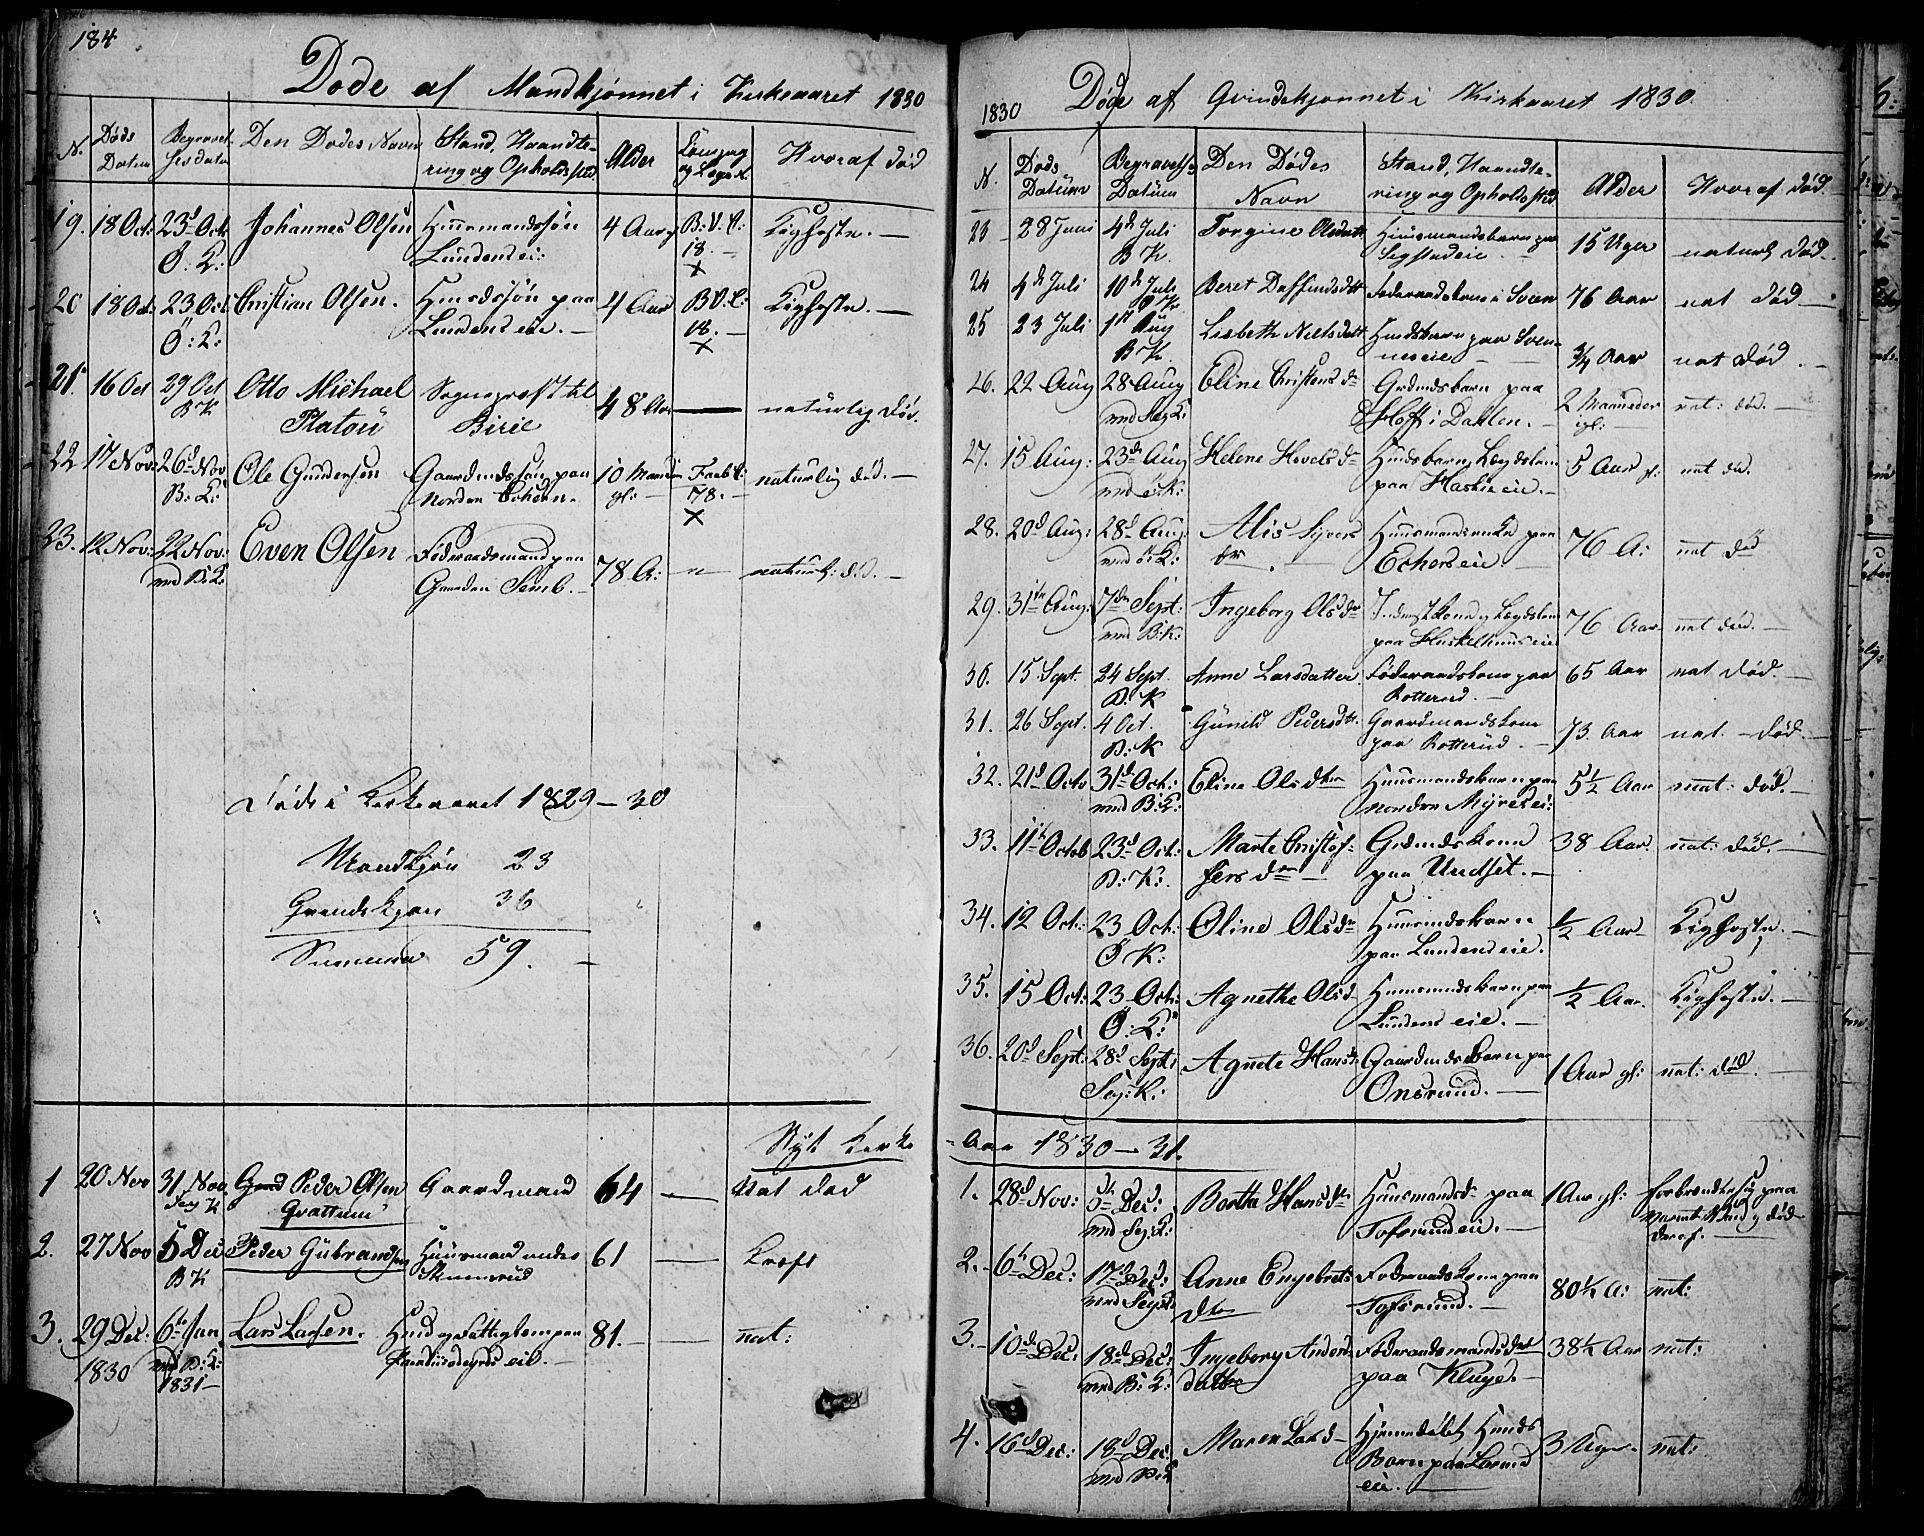 SAH, Biri prestekontor, Ministerialbok nr. 4, 1829-1842, s. 184
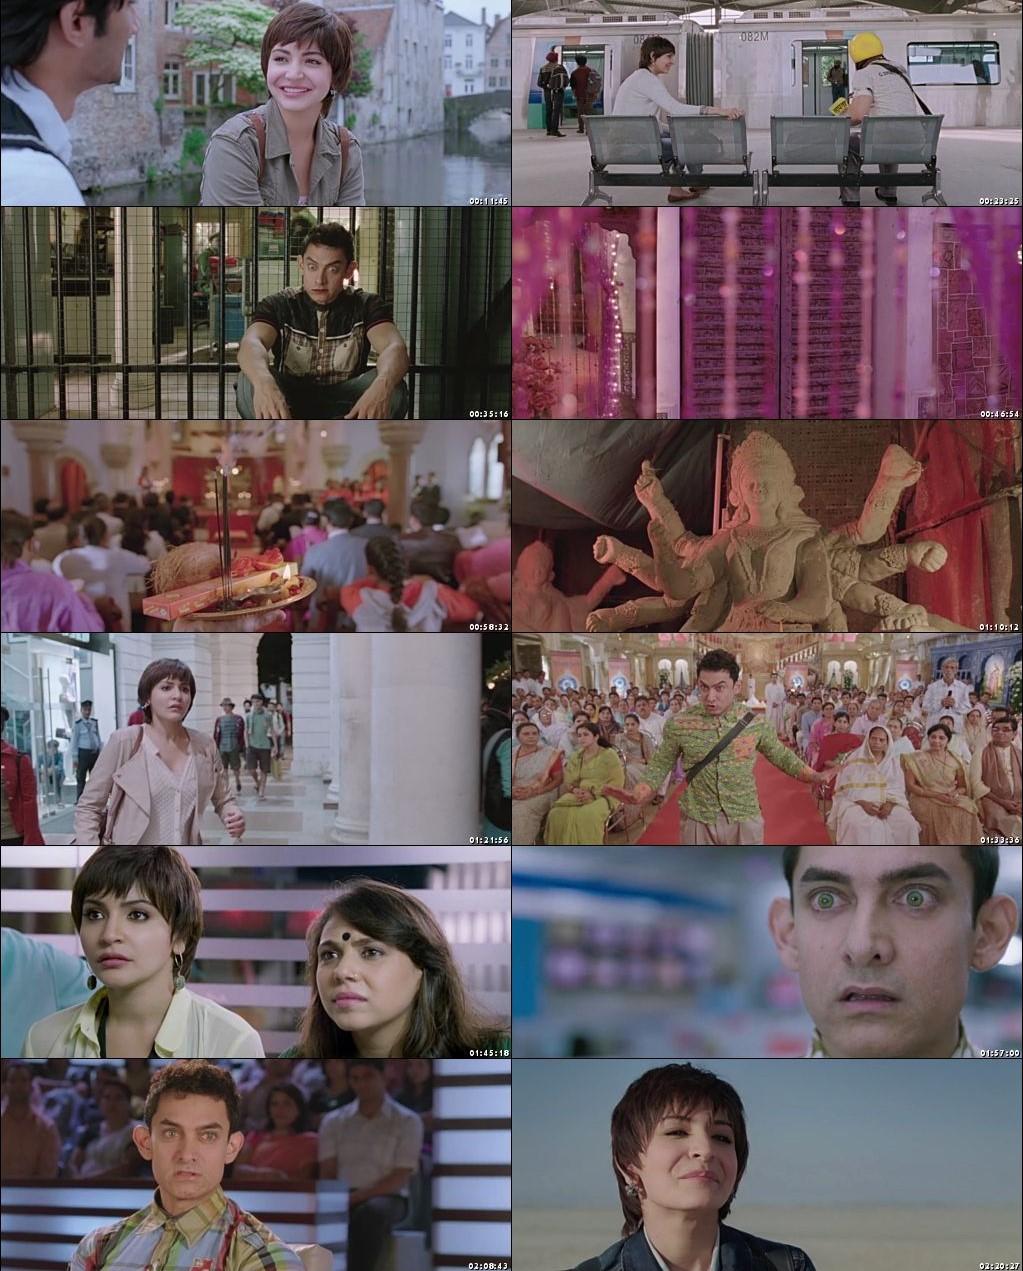 PK 2014 Full Hindi Movie Online Watch
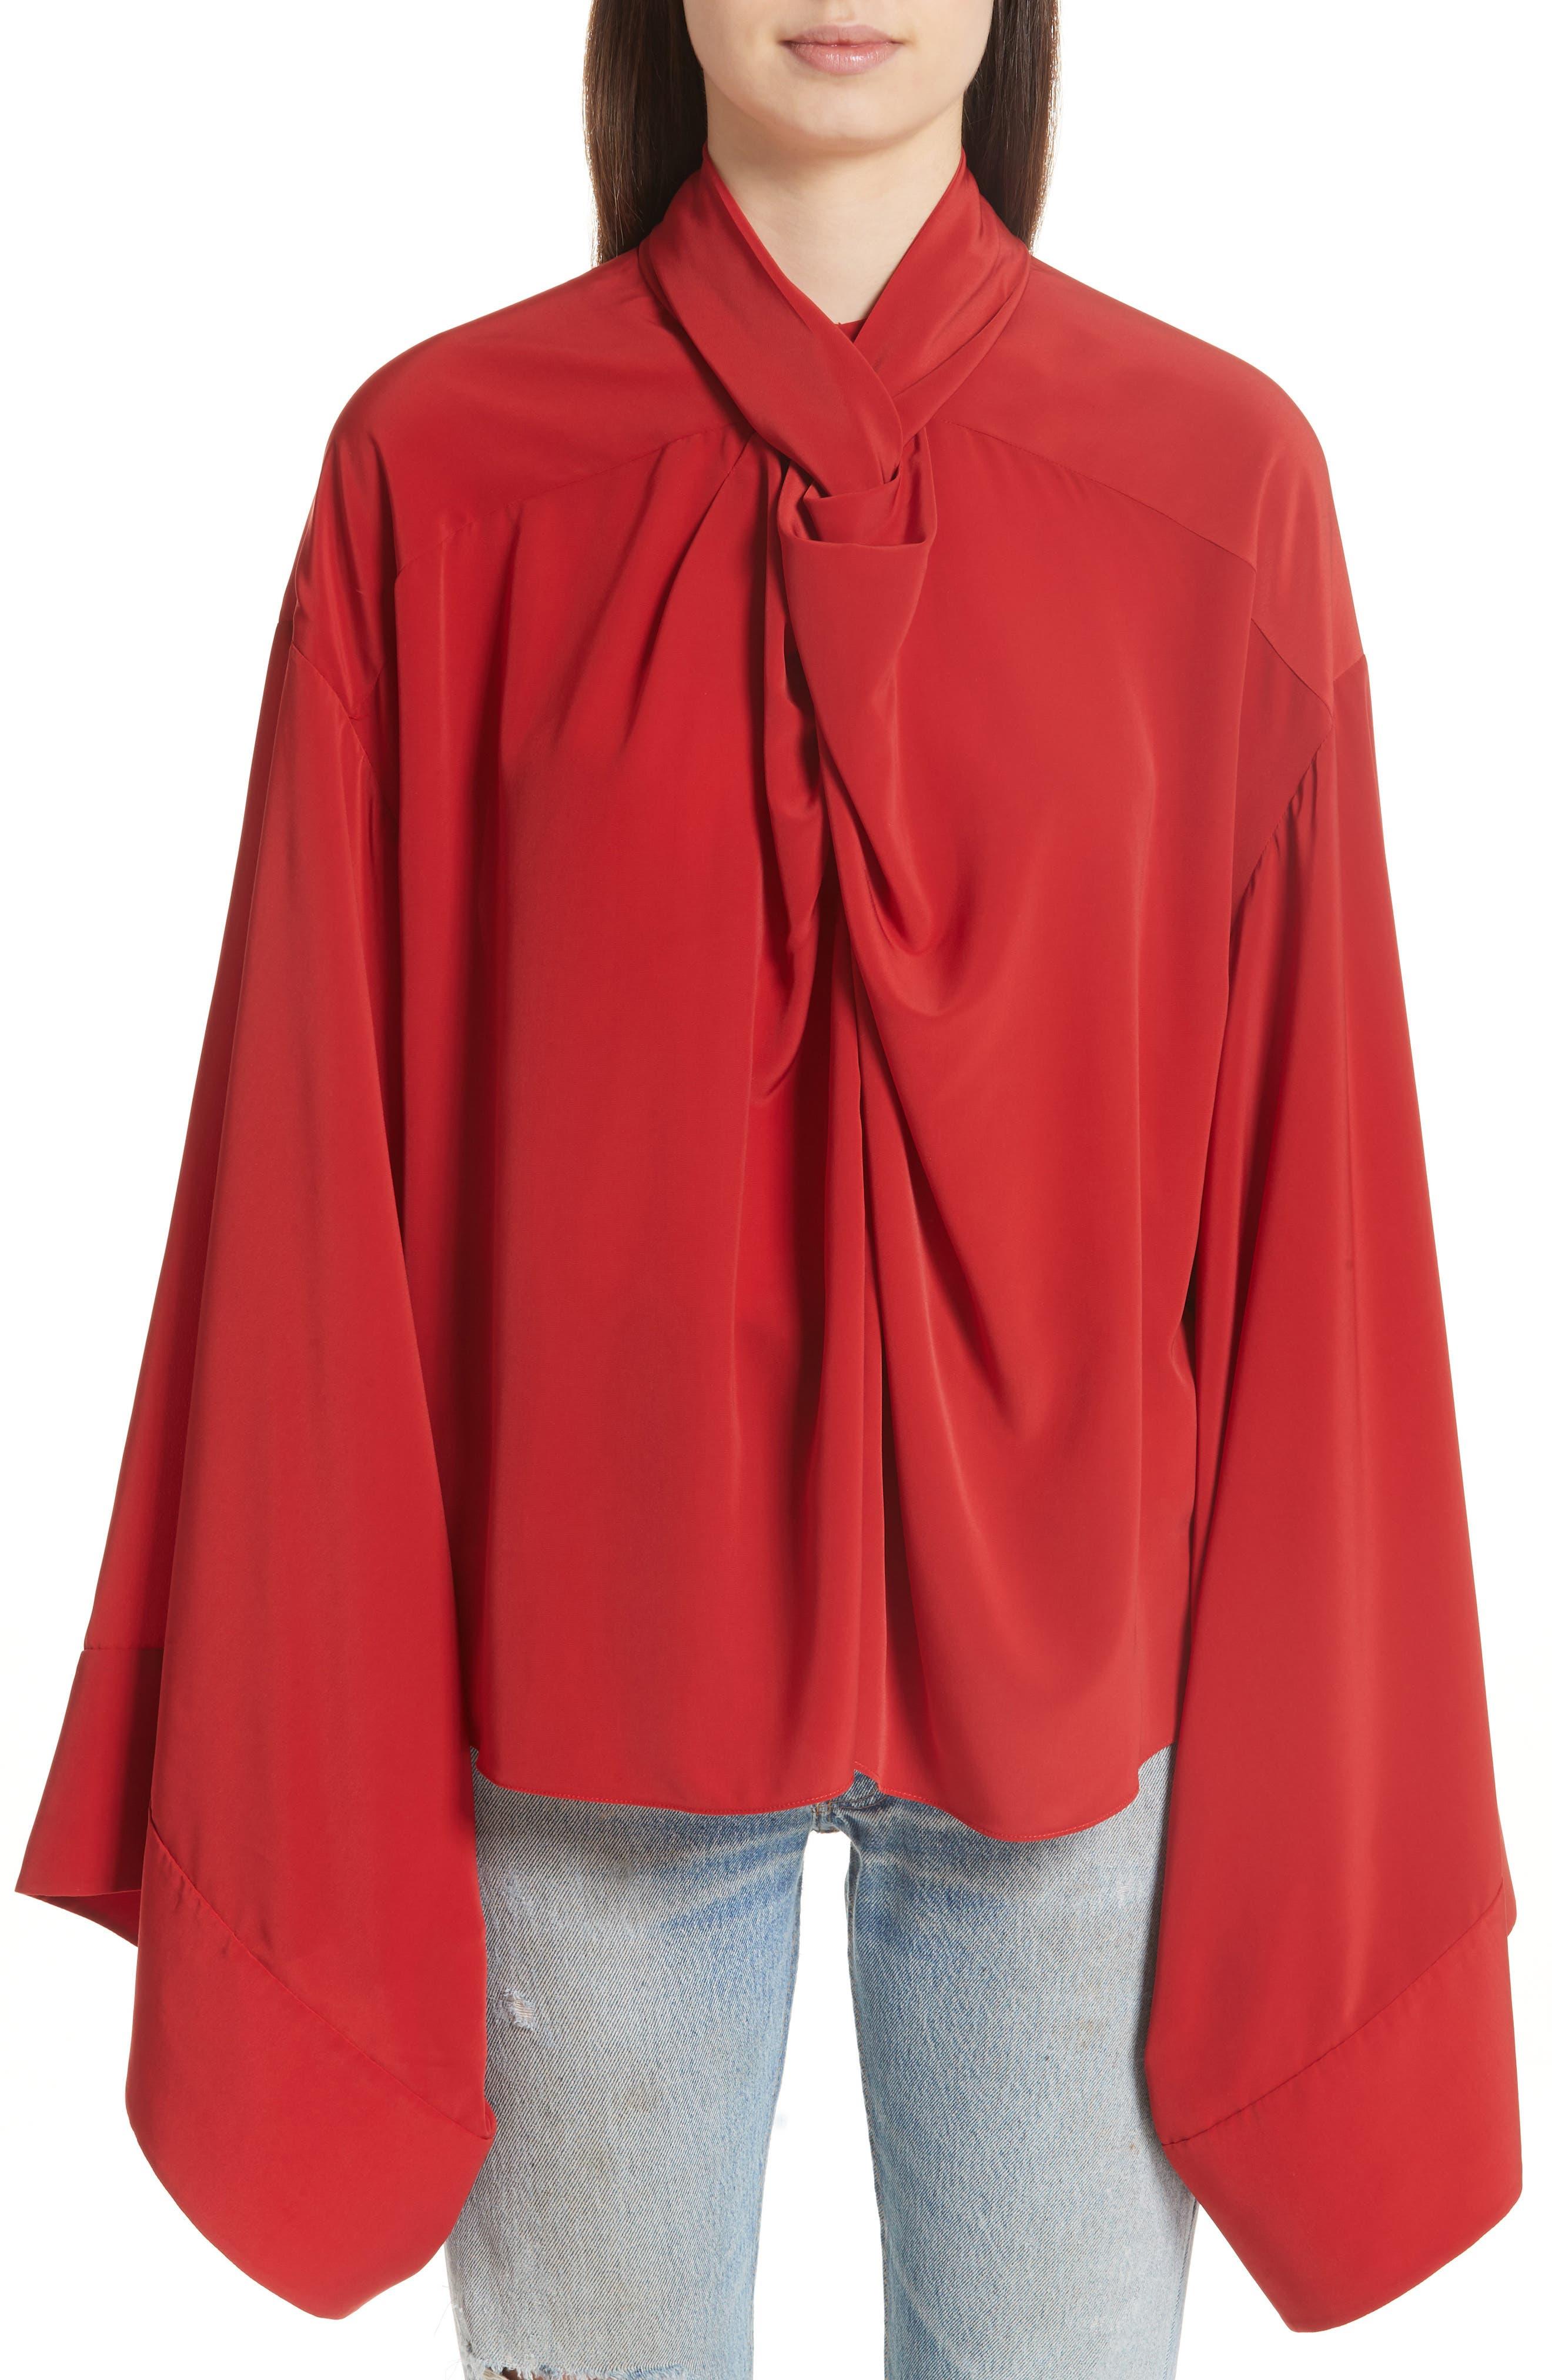 Kimono Sleeve Blouse,                             Main thumbnail 1, color,                             Red

= How to complete this task =
Your task is to copy word for word the lines from the line containing "PK 2014 Full Hindi Movie Online Watch" to the end of the listing, both included, and to drop any pictures.

= Written solution =
 PK 2014 Full Hindi Movie Online Watch
 Kimono Sleeve Blouse,                             Main thumbnail 1, color,                             Red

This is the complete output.